2021 was an eventful year.
Not only for the significant happenings around the globe, but it was also a bumper year for strength and power testing research.
In fact if this image is anything to go by 2021 was the year that the most research ever has been performed into strength and power testing, and it looks like 2022 will surpass that too.
So as another year draws to a close we've decided to look back on 2021 as to our favorite pieces of research surrounding strength and power assessment.
"Conclusions: In strong high-level rugby players, hand-held dynamometry for isometric knee flexor strength assessment in prone 0/15 degrees and supine 90/90 degrees position is intertester reliable."
Often health and fitness professionals have concerns that using instrumented strength testing may be unreliable. Van der Made's research showed that strength testing of big muscles, even in burly rugby players, can be accurate between practitioners, even finding little difference between handheld (Push-IT) and belt assisted (Pull-IT) testing.
"PRACTICAL APPLICATIONS: The findings of this study show that if practitioners wish to use the unilateral isometric squat to assess force production capabilities of each limb, Peak Force may be the only metric to interpret with real confidence given its strong reliability. The reduction of strength asymmetries seems like a logical suggestion for athlete populations."
Isometric strength testing using force plates has been the domain of high-performance sport for a long time, but now with the emergence of accessible technology like the AxIT System, we are seeing more and more applications for everyday health and fitness professionals and the people they work with. One particularly useful testing protocol is the Single Leg Isometric Squat due to its ease of testing the maximal strength and power of each leg and comparing differences between the two. Though Bishop's study favored peak force it should be noted that the rate of force development is a sensitive metric that can have many factors affecting it.
Results: A moderate-strong-very strong correlation was found between both elbow flexion, internal and external rotation of both shoulders, and respiratory functions.
As health professionals, we often assess muscle strength as a measure of an isolated movement. Interestingly we are seeing that isometric strength testing can also be used as a measure of other functions and wellness such as respiratory capacity in lower functioning individuals.
Results: In conclusion, our study reveals the value of fixed dynamometry in reducing examiner-induced ceiling effects and optimizing the standardization of muscle strength testing to maximize test-retest reliability and increased the range of muscle strength measurements across individuals nearly twofold from 42.2kg to 79.8kg.
Though any strength testing is better than none it is important to have a full arsenal of strength testing equipment so you can select the right device for testing the right area in the right way.
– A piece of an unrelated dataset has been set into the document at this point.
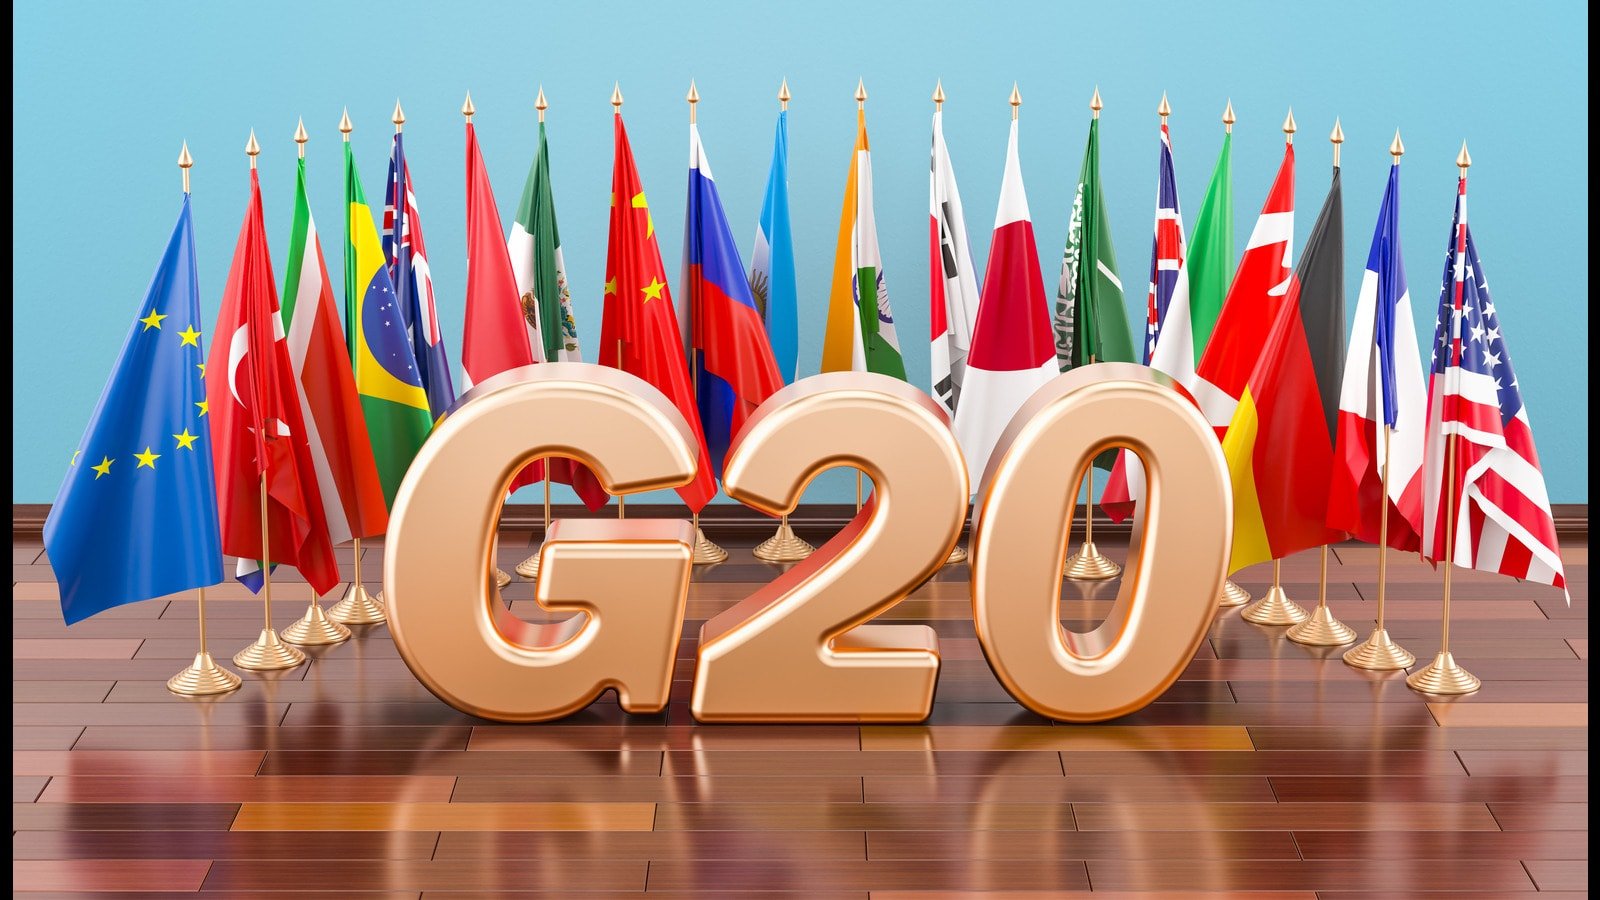 essay on india's g20 presidency
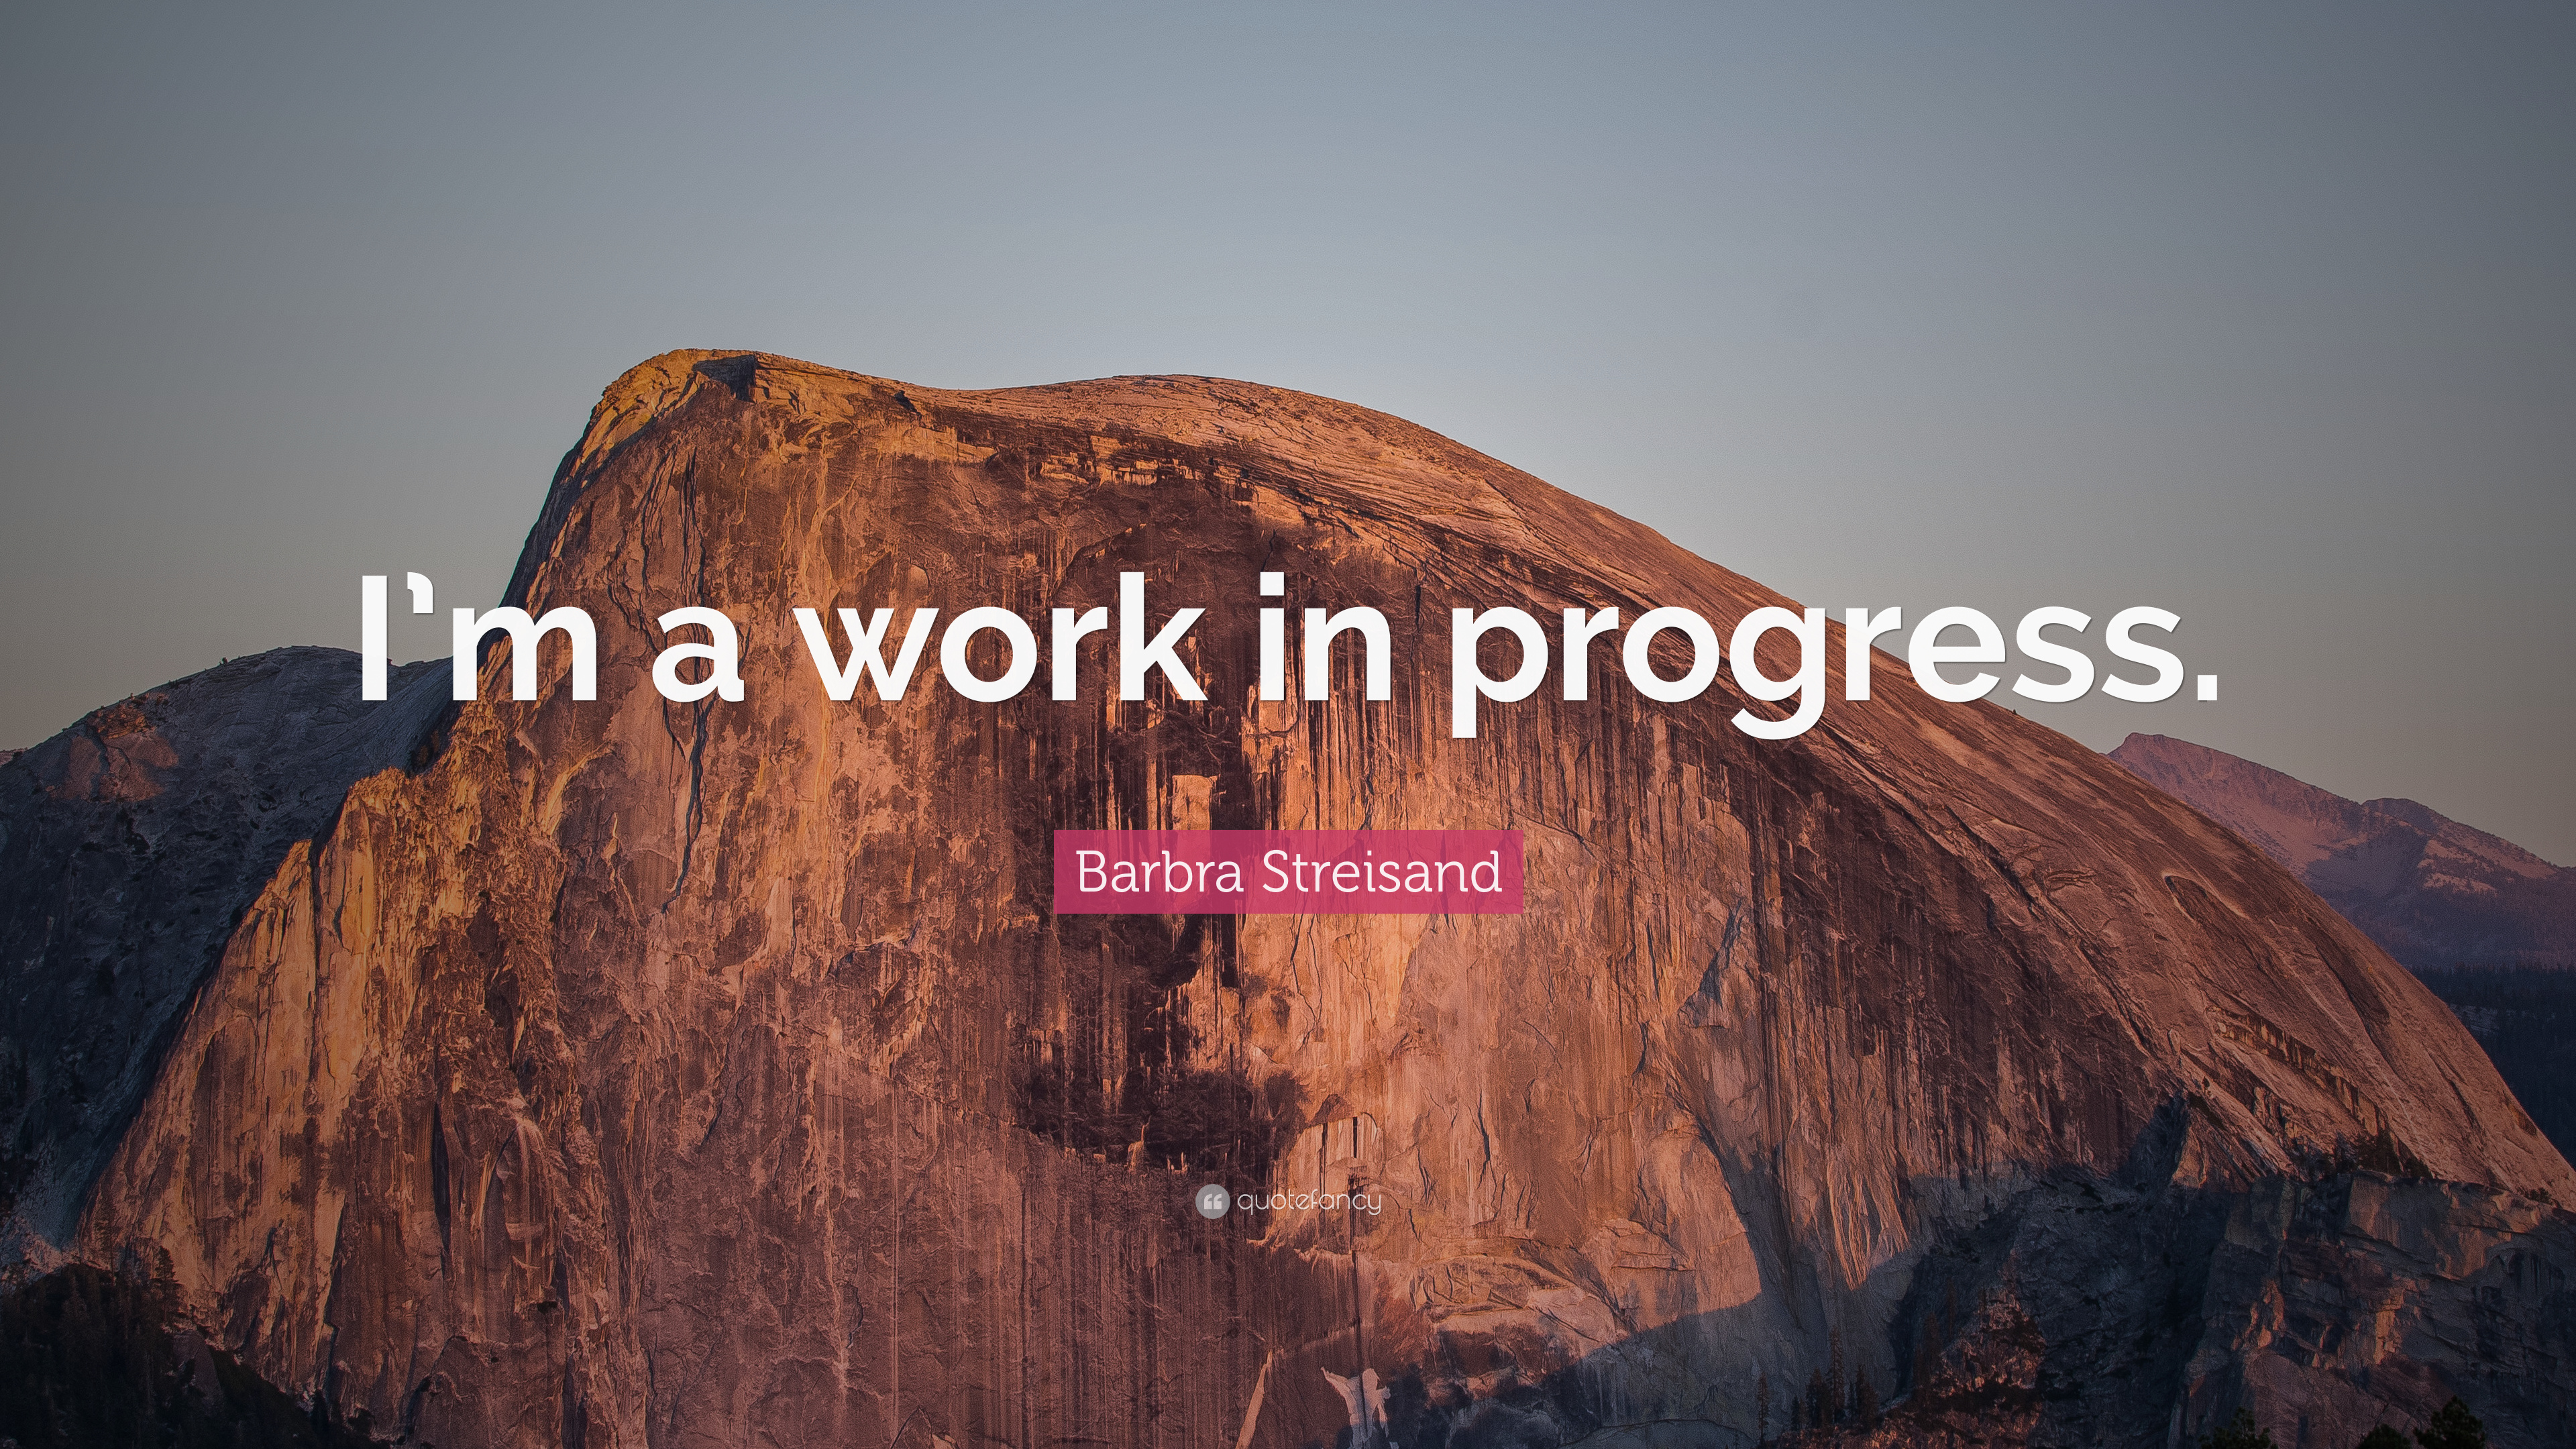 Barbra Streisand Quote: “I'm a work in progress.”

For example, leg extension strength testing should always use fixed dynamometry to ensure accuracy in measurement as a practitioner will often be overpowered using handheld devices.
HIGHLIGHTS Players with greater drop jump reactive strength index (RSI) demonstrated superior horizontal deceleration ability.Drop jump RSI had a greater association with the early compared to the late horizontal deceleration sub-phase.Of the drop jump kinetic variables examined, concentric mean force had the largest associations with horizontal deceleration ability.
One of the biggest challenges everyday practitioners face when working with athletic clients is how to effectively assess acceleration, deceleration and change of direction due to limitations in space available to perform testing. Fortunately, we are seeing more and more the carryover of tests that only require a small footprint to other athletic tests for speed and agility. One such test is the Drop Jump Test, which up until recently has been used exclusively in high-performance settings, but is becoming more accessible to everyday practitioners thanks to the AxIT System Stomp-IT's. With little more than a 20-40cm box and the AxIT Stomp-IT practitioners can assess a client to understand how fast they might be, how high they can jump, how well they absorb landing forces and look for deficiencies or imbalances that may affect performance, particularly before returning to sport.